Just a quick note to say hi! I am making it threw another day! Bad headaches everyday lately is that part of the wd? Hope your having a awsome day my friend!
Just a quick note to say hi! This is my first time using this site as a responder to a friends request. I don't recall exactly what I posted but I hope this website and new acquaintances can help me through these rough times.
Many thanks! I hope I'll receive answers, I'm really having a hard time figuring things out! Are you a moderator here?
Thank you. I don't even know where to start.
Just thought I'd drop a line. I've been very pensive lately, deep in thought! :)
Thank you for the note, and for all the helpful advice and kind words. That's wonderful that you were able to fight your addiction, for the sake of your son and your health. I know that's no easy feat. I hope you can keep it up and stay healthy for years to come. Thanks for the support and encouragement, for my mom and myself. Best to you:)
Well thankyou, At least you have been clean since 1999, My Husband cant seem to stay clean for more than a few months. I cannot help him anymore and I don't want to. I want a life not an existence. The problem is we have too much tied up financially and I'm worried his addictions will make him blow or destroy everything we've worked hard for.

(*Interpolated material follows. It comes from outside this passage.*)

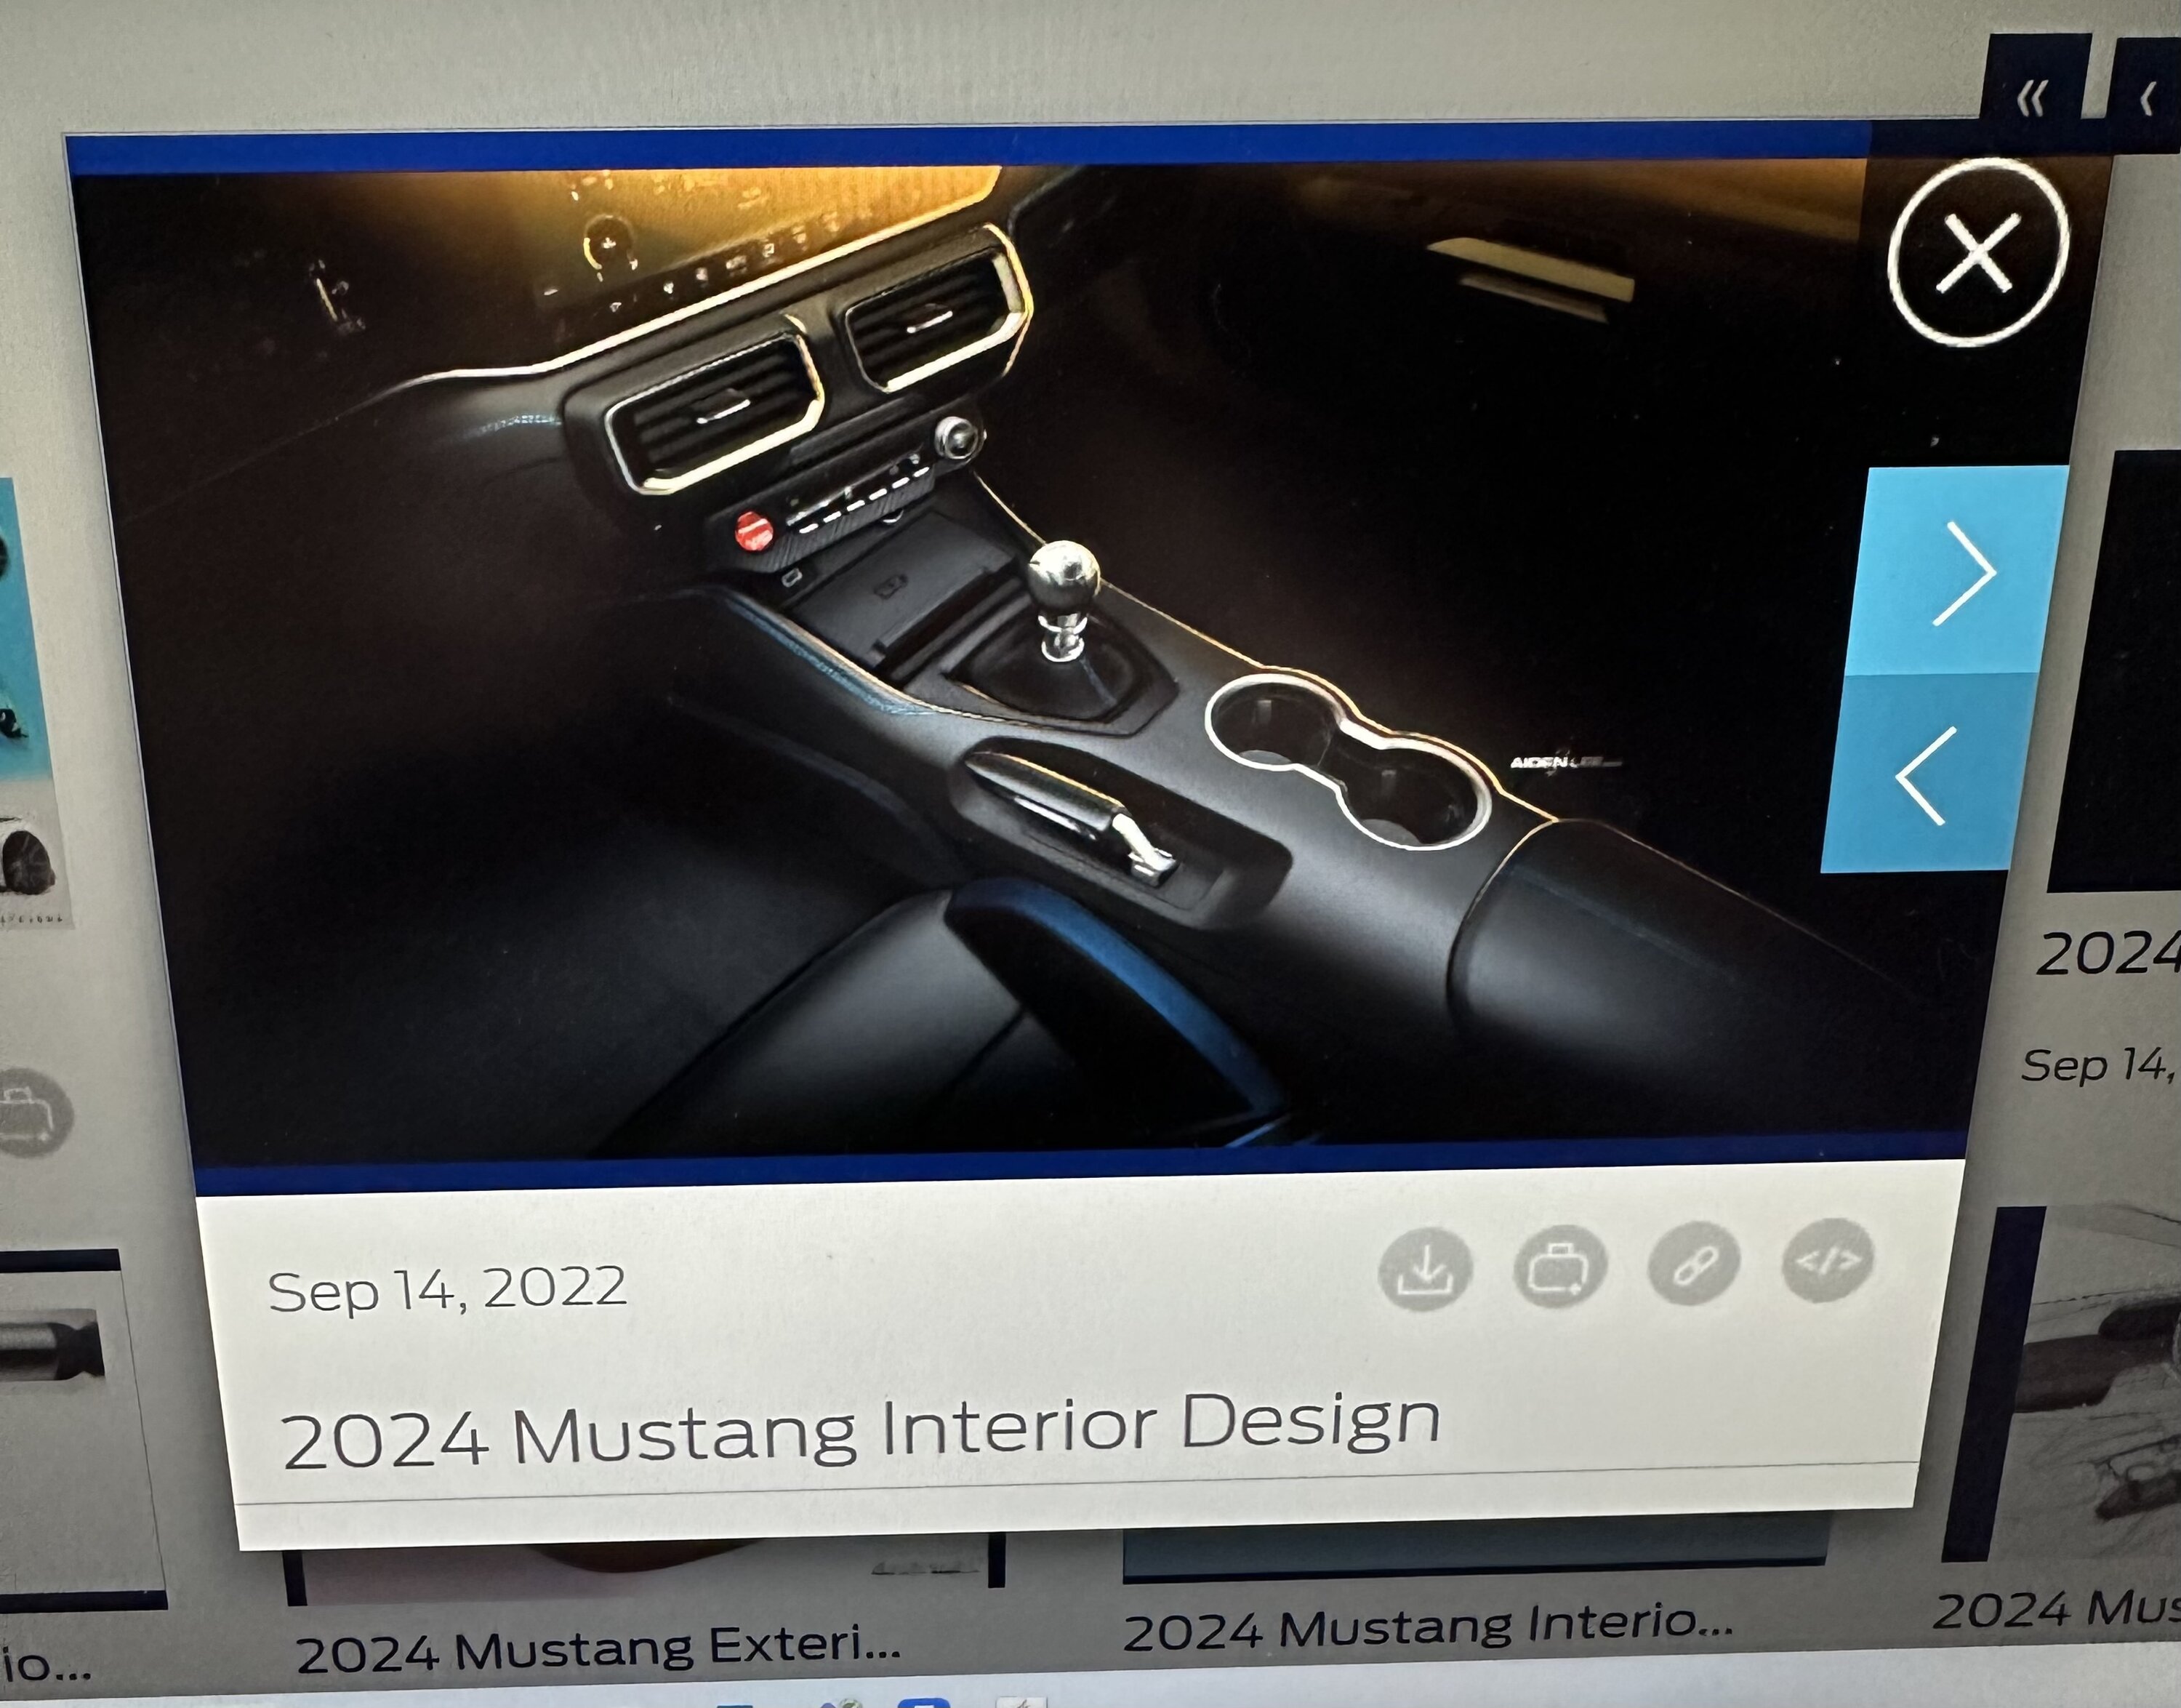 S650 Mustang If I ordered an Atlas Blue car with 401A with black interior what color do you think the accent stitching will be? 5CA54528-DC19-4719-BB68-4505249EF174

Thank goodness I've totally protected our 3 children. He kept his drug use away from the home and where we live. I think with having money has allowed him to feed his habit more. I need advice from partners of drug users..Thanks again Michelle
I'm sorry to hear Your day was stressful - I hope You have a much better day today. I feel good that I may have given You a little lift - know that it was heartfelt and sincere !! I have much respect and admiration for You. It's my pleasure to 'know' You here !!